File What it is Runs on kind?
predictor.py tiny FastAPI app: /v1/models/recommender:predict + /recommend + health yes (no cluster)
requirements.txt pinned Python deps (FastAPI/uvicorn + joblib + sklearn)
Dockerfile multi-stage slim Python image, non-root UID 65532 yes
Makefile compile / build / train-and-run / test targets yes
recommender-deployment.yaml built-in Deployment of the predictor (PSA-restricted) yes — kind-runnable
recommender-service.yaml ClusterIP Service in front of the Deployment yes
recommender-inferenceservice.yaml KServe InferenceService (CRD-backed; scale-to-zero, canary) needs KServe + Knative

All manifests target the bookstore-ml namespace (PSA enforce: restricted). recommender-inferenceservice.yaml carries the CRD-intrinsic header note: a client dry-run prints no matches for kind … until KServe is installed — schema-correct, not a bug (same precedent as the rest of the guide's CRD-backed manifests).

The HTTP surface

Method Path Body / Query What it returns
GET /healthz {"status":"ok"}
GET /ready {"status":"ready"} once the model is loaded
GET /v1/models/recommender model metadata (kind/version/n_books/top_k)
POST /v1/models/recommender:predict {"instances":[{"book_id":1,"k":3}]} top-K recommendations per instance
GET /recommend?book_id=1&k=3 friendly equivalent used by catalog/storefront

The :predict envelope follows the v1 prediction protocol used by KServe's built-in runtimes — the same image works behind an InferenceService and a plain Deployment.

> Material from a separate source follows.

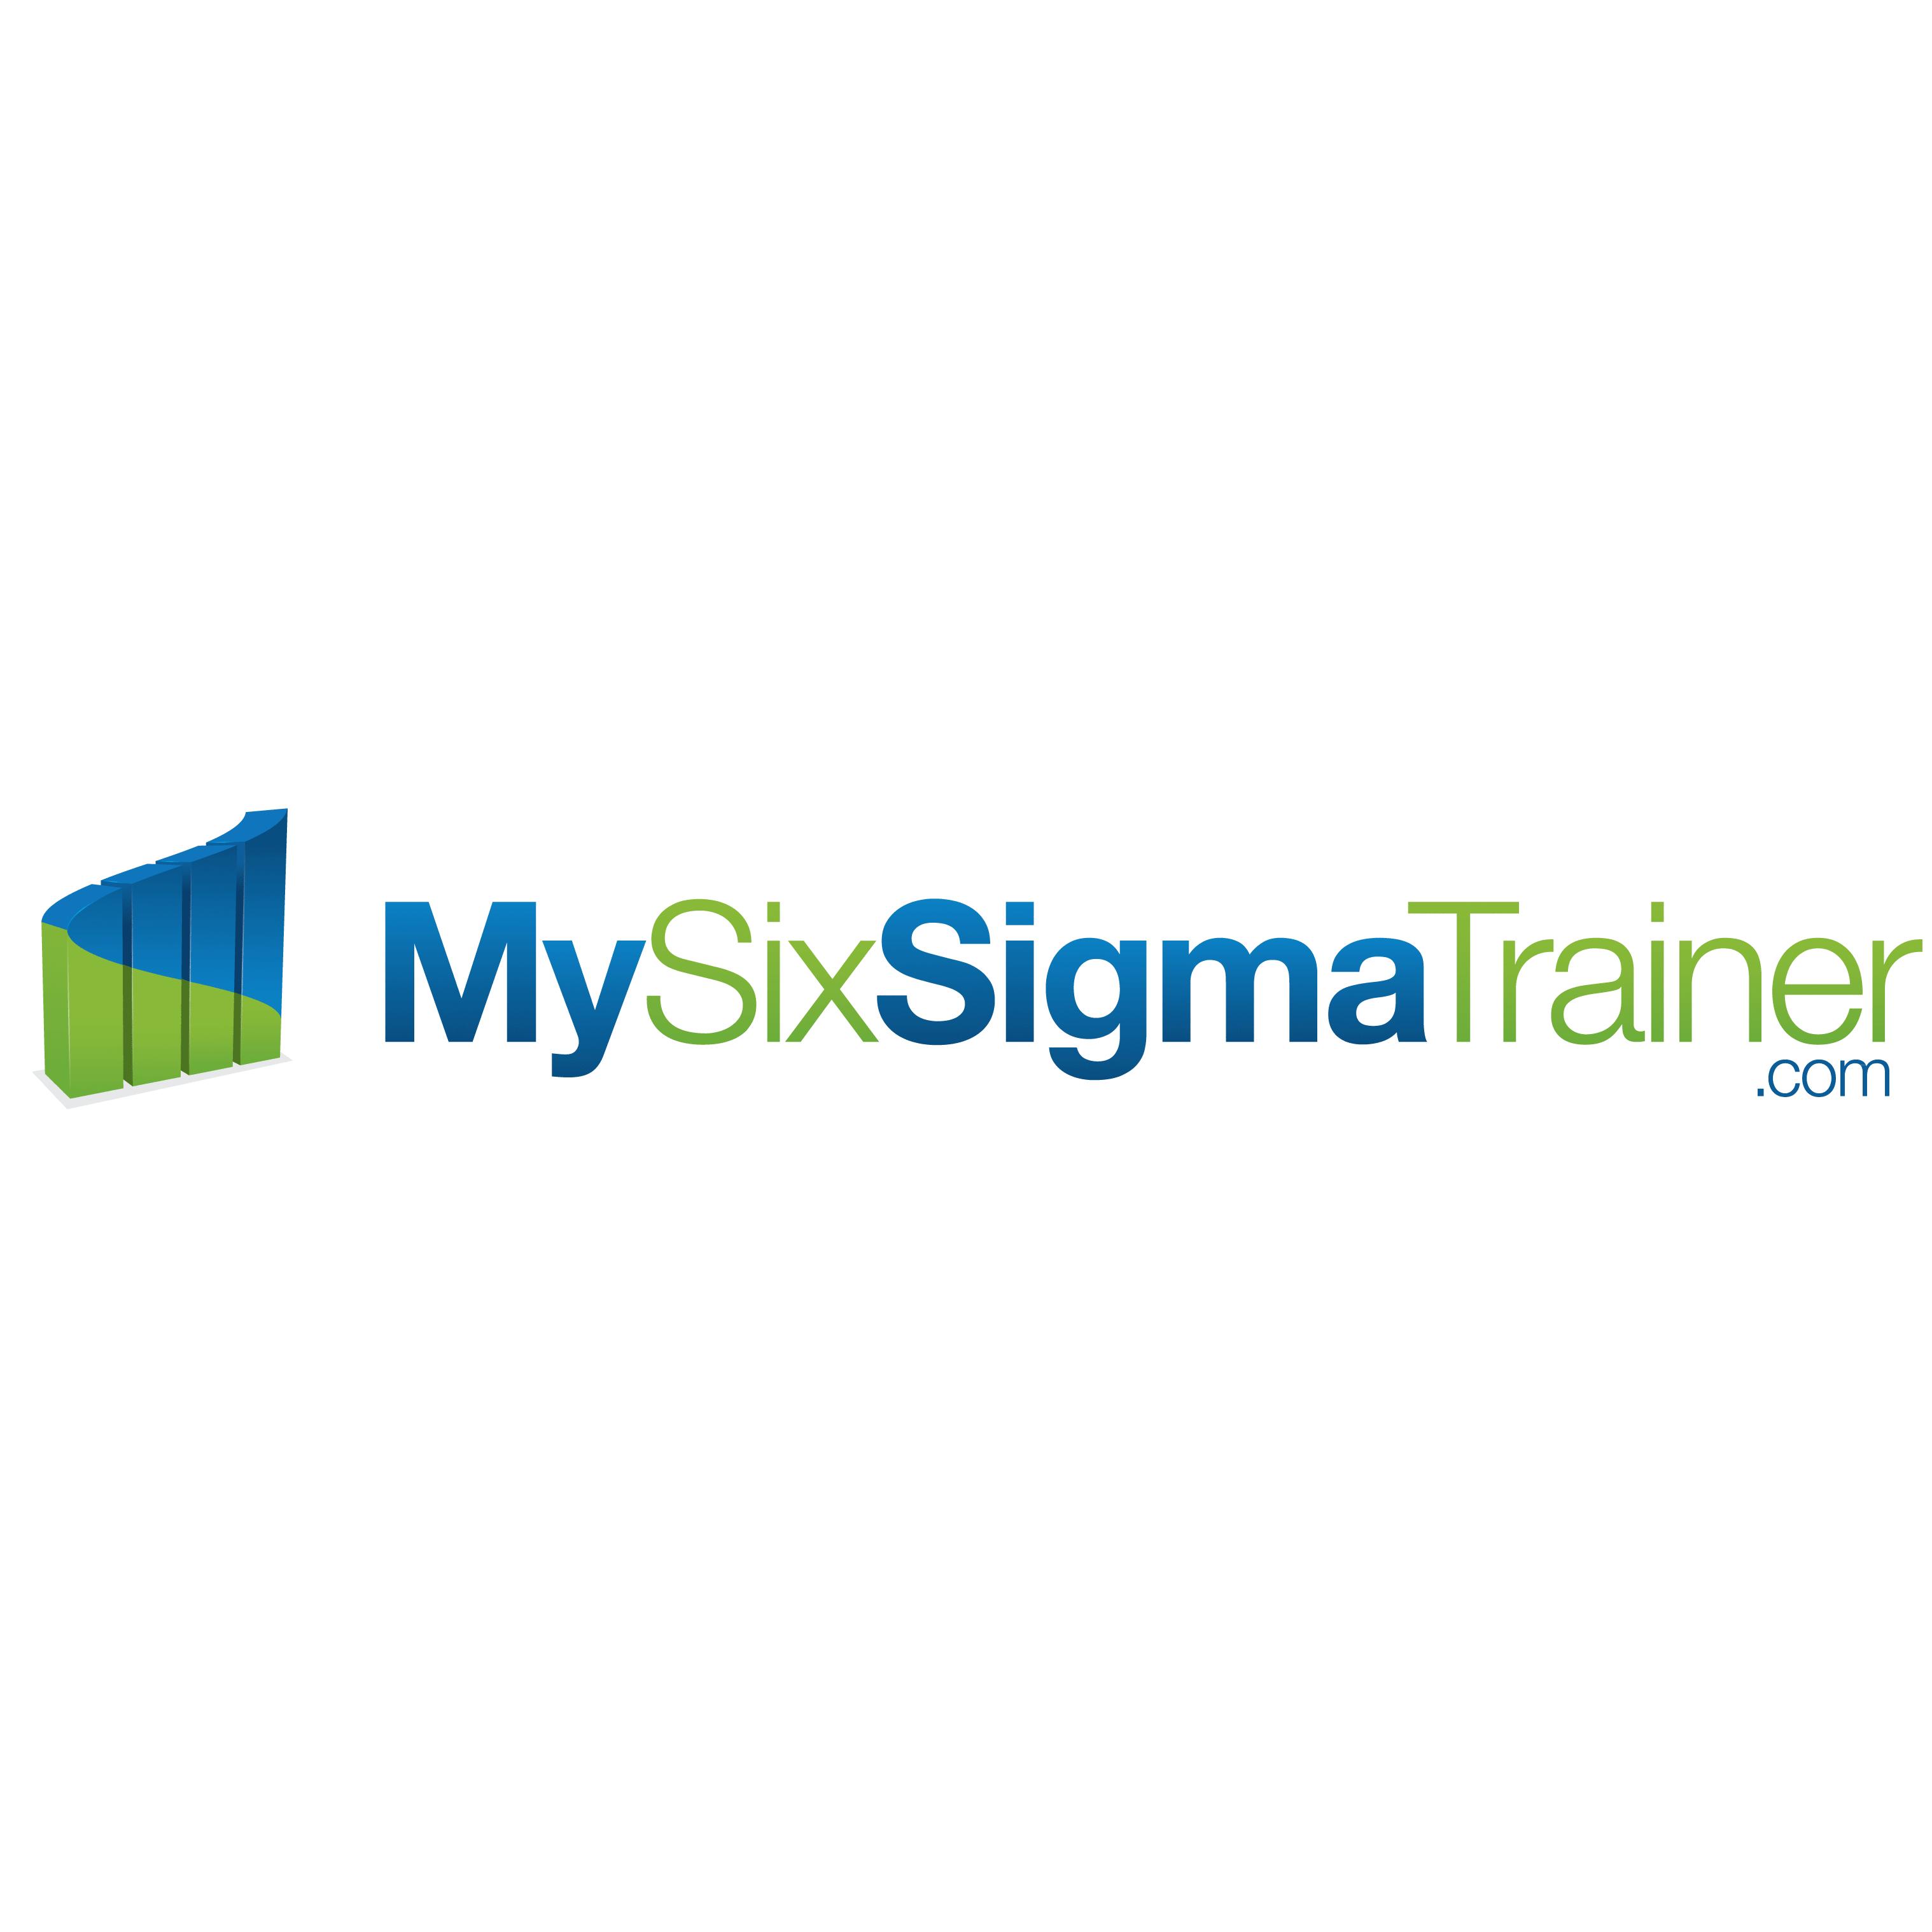 Mysixsigmatrainer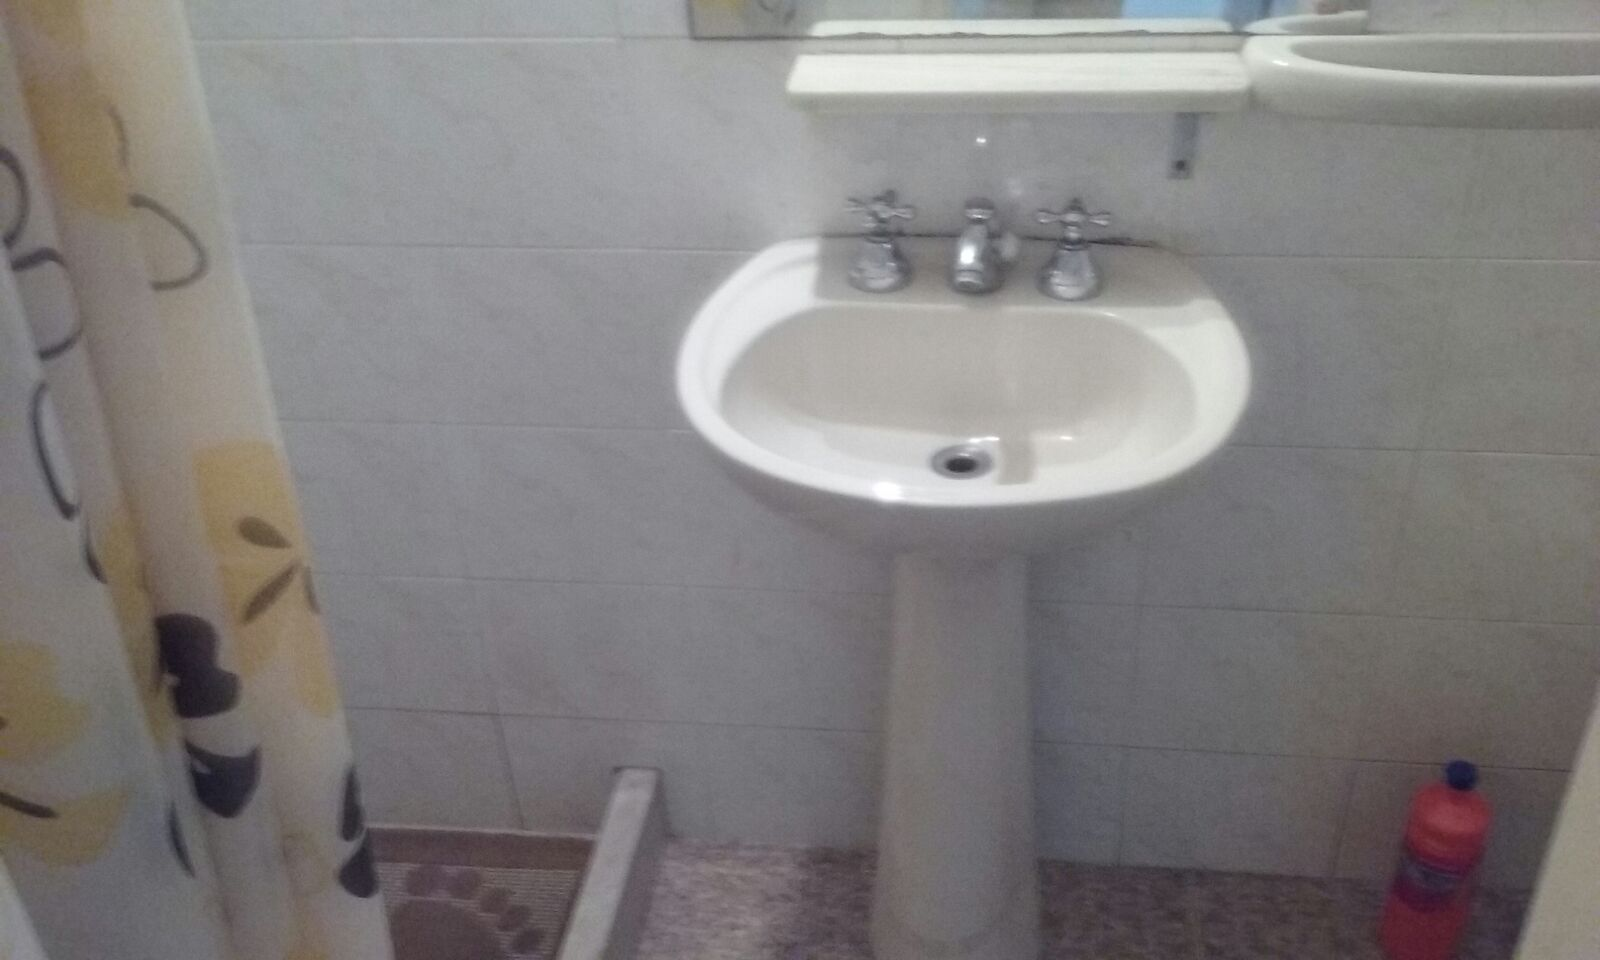 Alquiler Monoambiente Con Muebles Pocitos Ref E8cd9 Infocasas  # Muebles Pocitos

Run it locally (no cluster)

# from this directory:
make compile           # python3 -m py_compile predictor.py
make build             # docker build -t bookstore/recommender-serve:dev .
# end-to-end: train -> joblib -> serve, just on docker
make train-and-run     # runs train image -> model.joblib on `bookstore-model`
                       # docker volume, then runs serve image on :8080
# proof: curl localhost:8080/v1/models/recommender:predict (same as kind step 4)

Run it on kind (the kind-runnable path)

# from the repo root (full-guide/):
# 1) build + load images
docker build -t bookstore/recommender-train:dev examples/bookstore/ml/train
docker build -t bookstore/recommender-serve:dev examples/bookstore/ml/serve
kind load docker-image bookstore/recommender-train:dev
kind load docker-image bookstore/recommender-serve:dev
# 2) train: produces model.joblib on the recommender-model PVC
kubectl apply -f examples/bookstore/ml/train/recommender-train-job.yaml
kubectl wait --for=condition=complete job/recommender-train -n bookstore-ml --timeout=300s
# 3) serve: plain Deployment + Service consumes the same PVC
kubectl apply -f examples/bookstore/ml/serve/recommender-deployment.yaml
kubectl apply -f examples/bookstore/ml/serve/recommender-service.yaml
kubectl rollout status deploy/recommender -n bookstore-ml --timeout=120s
# 4) proof: port-forward and POST a predict — the final proof step
kubectl port-forward -n bookstore-ml svc/recommender 8080:8080 &
curl -s -X POST localhost:8080/v1/models/recommender:predict \
  -H 'content-type: application/json' \
  -d '{"instances":[{"book_id":1,"k":3}]}' | jq .

The KServe path (needs the operator)

recommender-inferenceservice.yaml is the CRD-backed equivalent. OPTION A (custom predictor) uses the same image under KServe's serverless wrapper — request-driven autoscaling, scale-to-zero, InferenceService-level canary/A-B. OPTION B (KServe's built-in sklearn ServingRuntime) is a commented stub in the same file. Install KServe (+ Knative Serving + cert-manager) per Part 12 ch.06 Hands-on before applying.

Integration with the Bookstore app (catalog / storefront)

The recommender's in-cluster DNS is recommender.bookstore-ml.svc.cluster.local:8080. The chapter (../../../12-kubernetes-for-machine-learning/06-model-serving-and-inference.md) describes the catalog/storefront integration via kubectl exec/curl; this README does not mutate the canonical app.